When Ram Shankar Siva Kumar launched Microsoft’s AI red team in 2019, the discipline barely existed.

“The running joke used to be that people who used to work in AI red teaming, you can round them up in a 14-foot catamaran,” he tells CSO.

At the time, Microsoft’s approach looked familiar to anyone in cybersecurity: Attack machine learning systems the same way security teams attacked everything else. Identify weaknesses, emulate adversaries, and uncover vulnerabilities before products reach customers.

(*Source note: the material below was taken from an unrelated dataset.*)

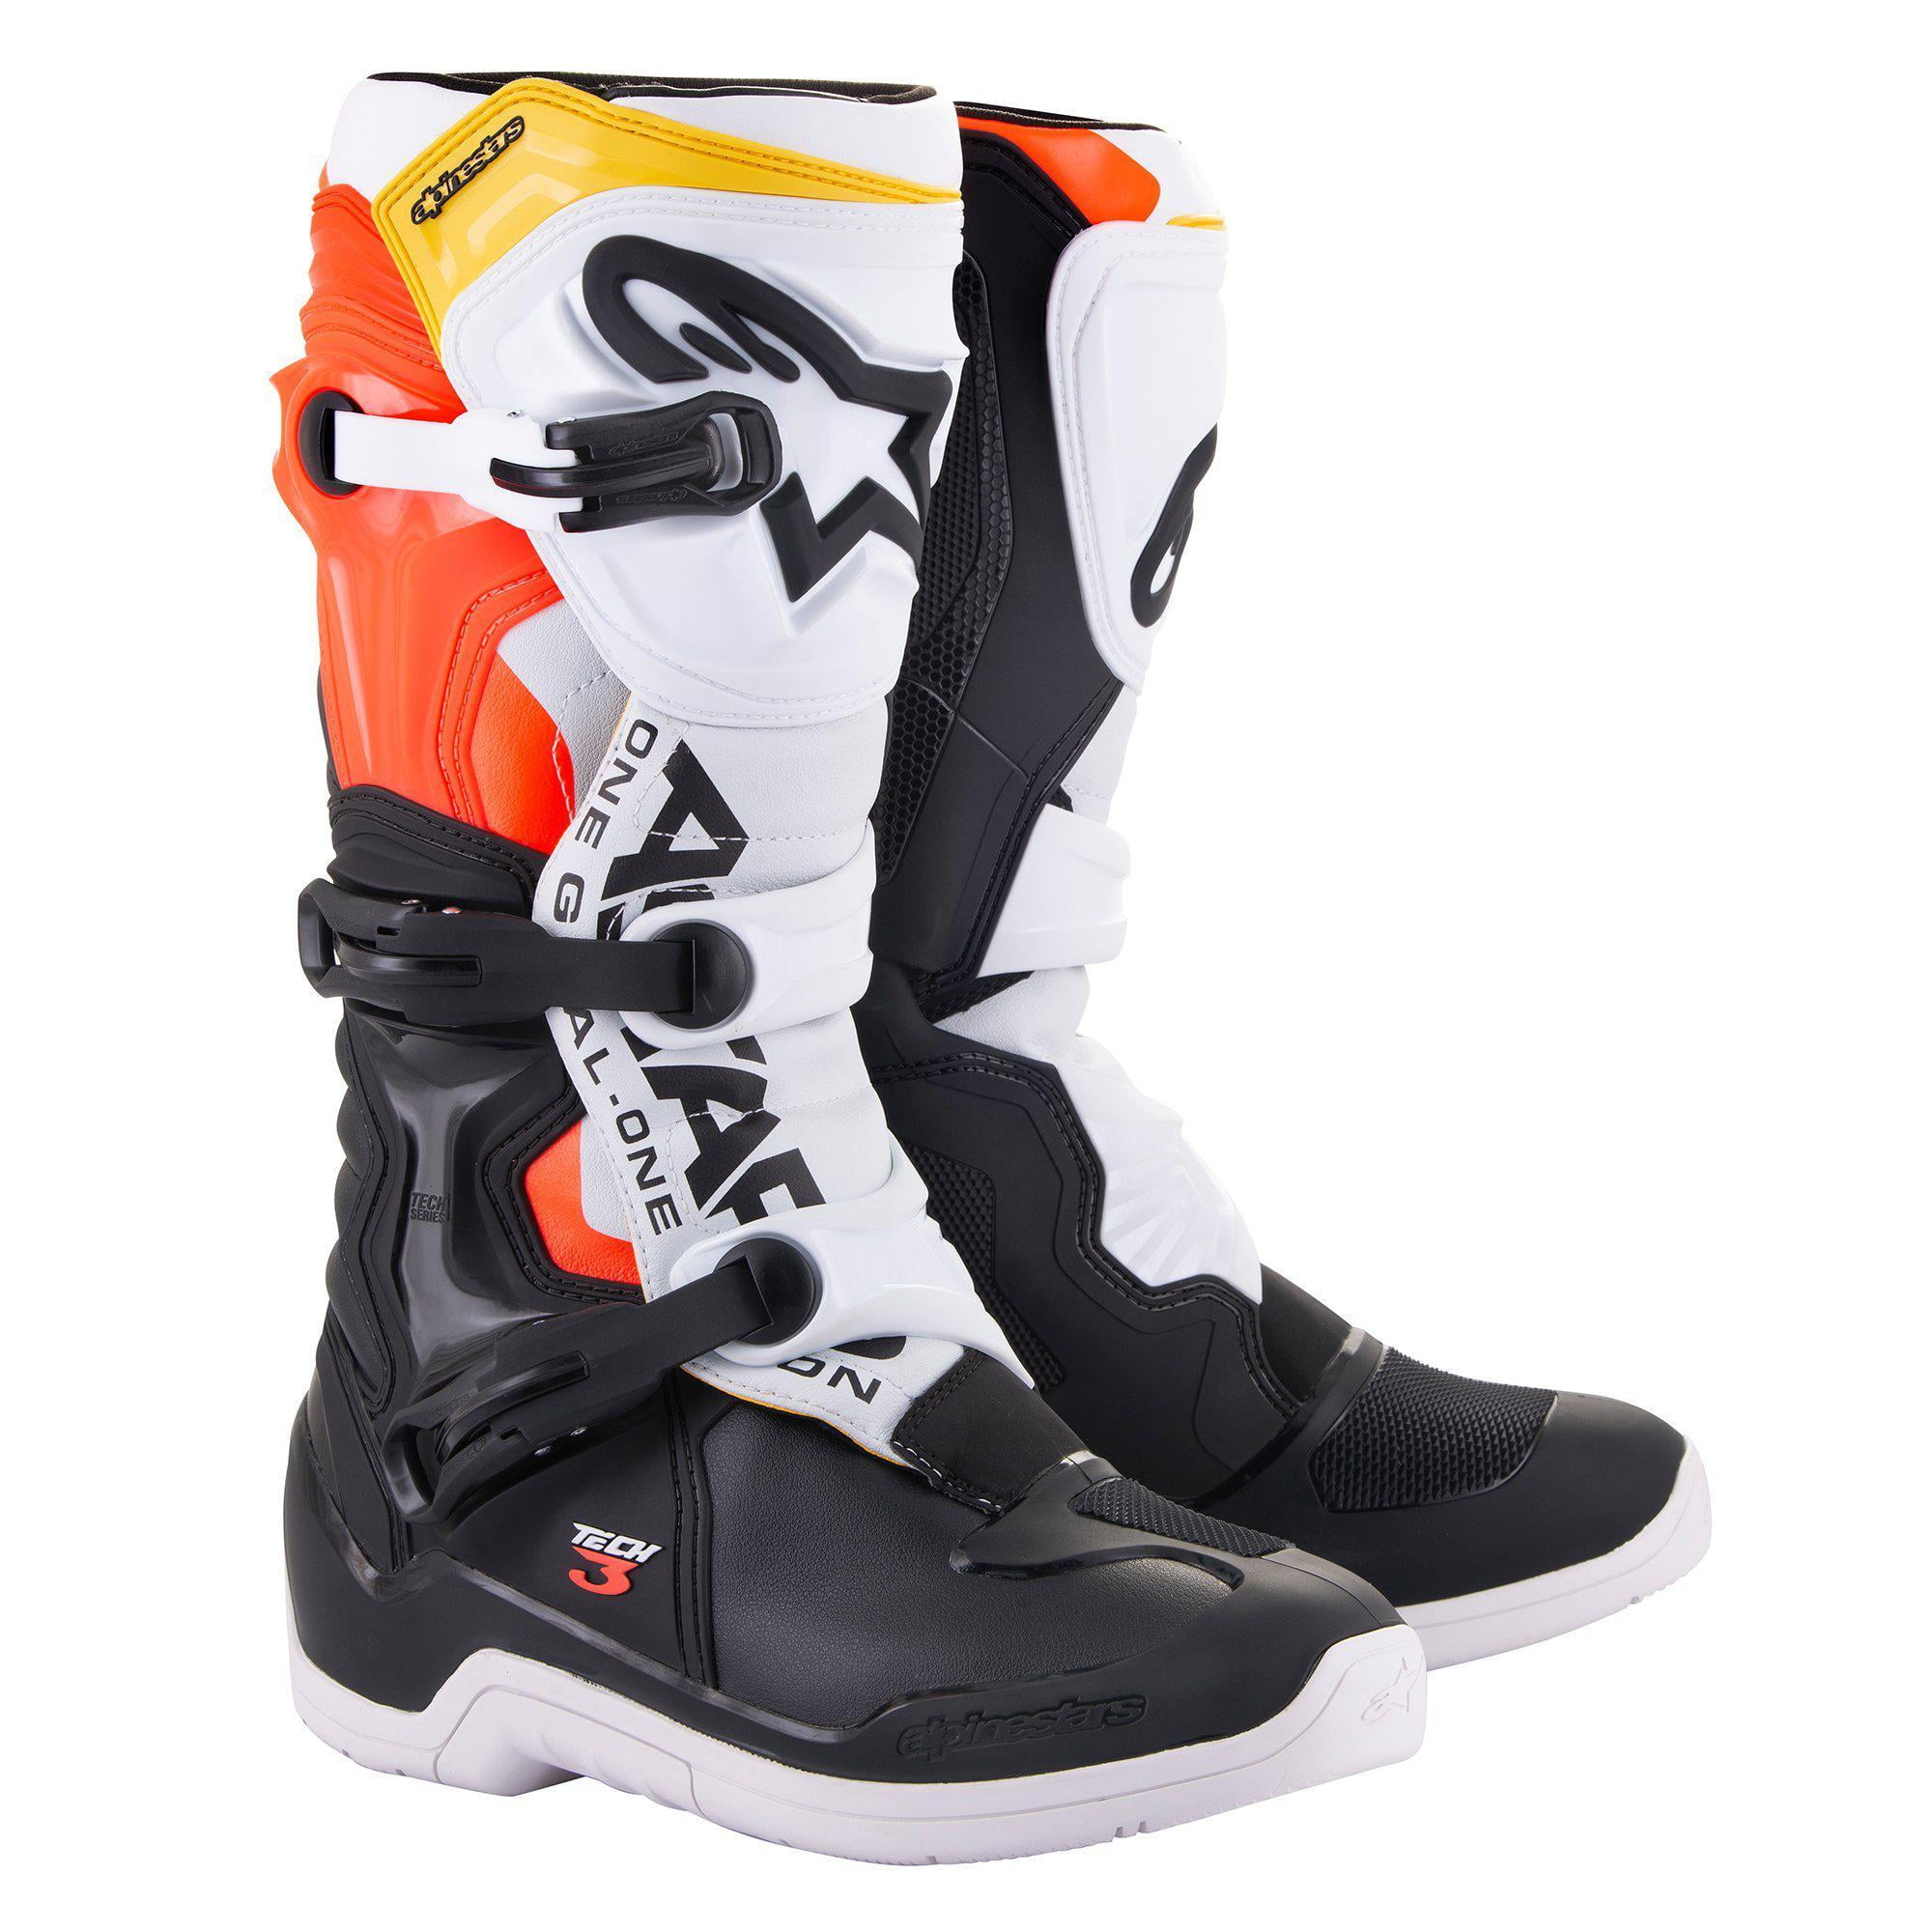 NEW Alpinestars Official Honda Faster 3 Motorcycle Sports Pit Lace Shoes/Boots

Then GPT-4 arrived. “The tool that we had changed; actually, it broke,” Siva Kumar says. The attacks his team had developed against earlier machine learning systems no longer worked against large language models. The tools had to be rebuilt. The methodologies had to be newly devised. Even the definition of the job had to be rebuilt.

“We had to retool completely, and we also had to rethink what it means to red team an AI system,” he says.

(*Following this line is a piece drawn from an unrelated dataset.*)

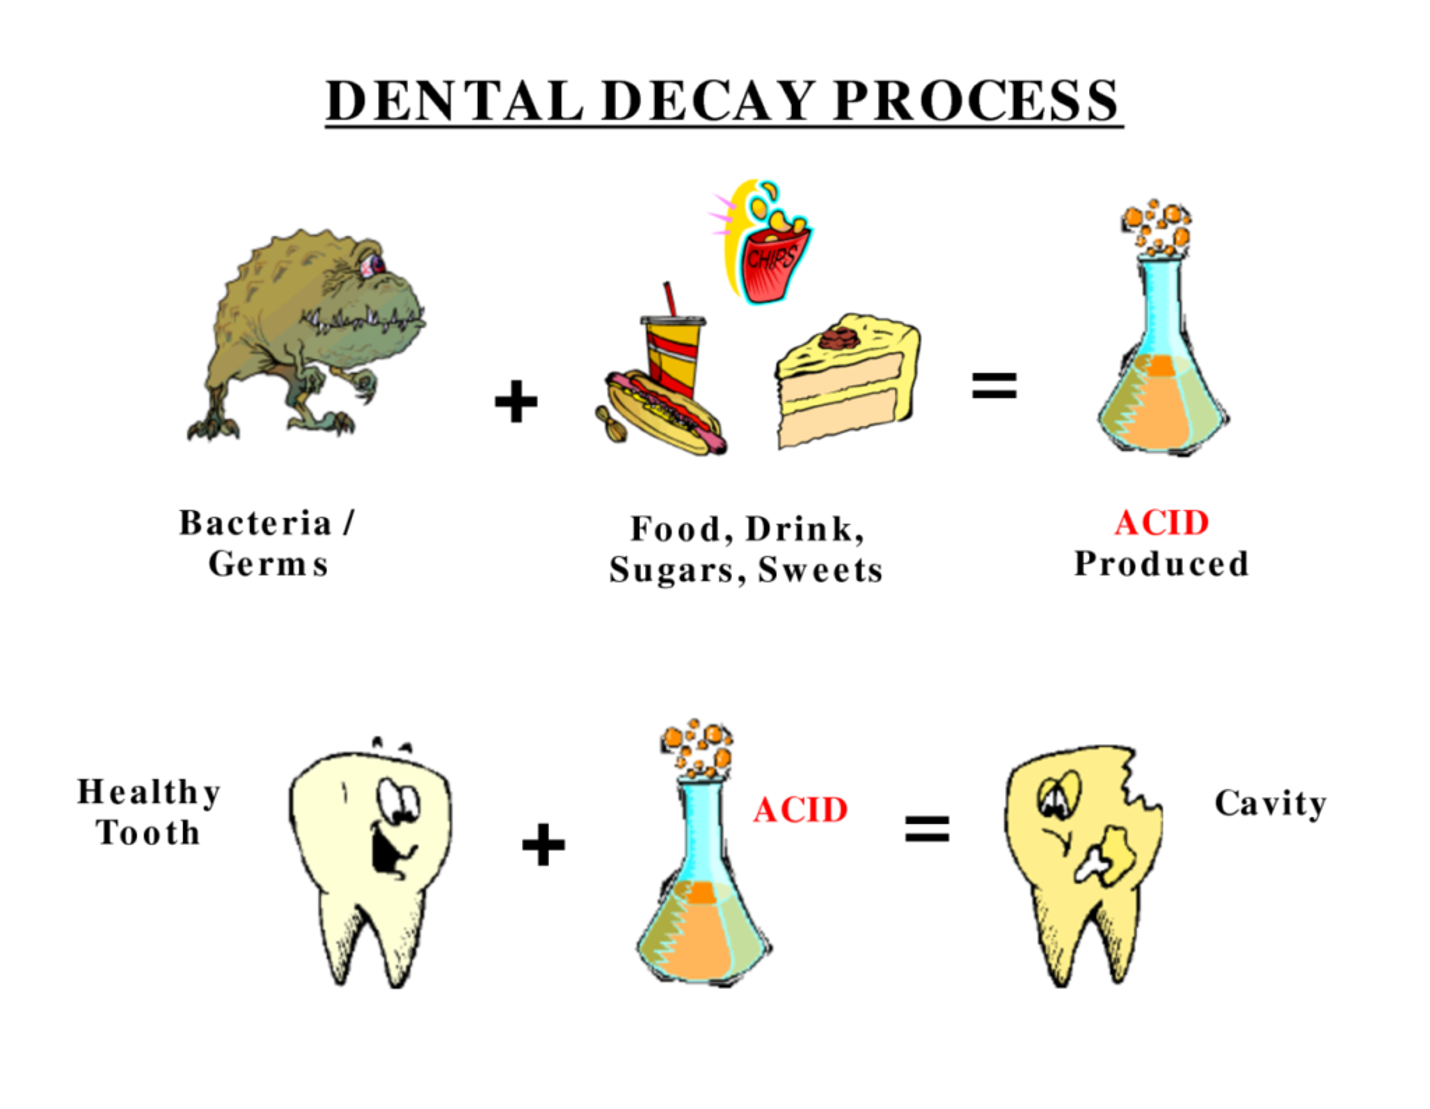 A picture containing diagram showing dental decay process

That rethinking is still under way. Today, AI red teaming has become one of the fastest-growing specialties in cybersecurity, with dedicated teams at Microsoft, Anthropic, OpenAI, Google, and Nvidia. But the field is grappling with a more fundamental question than which tools to use: What exactly is the job?

Not your father’s penetration test

The most basic difference between testing traditional software and testing AI reshapes everything else: AI is not deterministic; it’s probabilistic.

“The same attack might only work one time out of 100 times or 10 times out of 100 times or 90 times out of 100 times,” Dane Sherrets, staff innovation architect at HackerOne, tells CSO. That changes how security teams evaluate risk. Instead of asking whether a vulnerability exists, they must also determine how frequently it appears, under what conditions, and whether it can be reliably reproduced.

Pete Bryan, technical lead of the AI red team at Microsoft, thinks the probabilistic nature of AI systems fundamentally changes the testing process. Systems must be evaluated repeatedly, under varying conditions, to understand how they behave and whether risky outputs emerge consistently.

The challenge is not only that AI behaves differently from traditional software. It is also capable of things traditional software could never do.

Tom Gillis, SVP/GM of the infrastructure and security group at Cisco, points to frontier models discovering vulnerabilities in complex software systems at a pace that would have seemed implausible a few years ago. “They’re able to find weird interdependencies,” he tells CSO. “I change the state of this little piece, which changes the state of that piece, which changes the state of this piece, which leads to a memory overflow.”

Modern models can analyze enormous codebases and identify chains of interaction that eventually lead to exploitable conditions — relationships human researchers miss even after years of scrutiny.

That capability cuts both ways. The same reasoning power that makes AI useful for security testing makes AI systems themselves a new kind of target, one that requires different methods to probe.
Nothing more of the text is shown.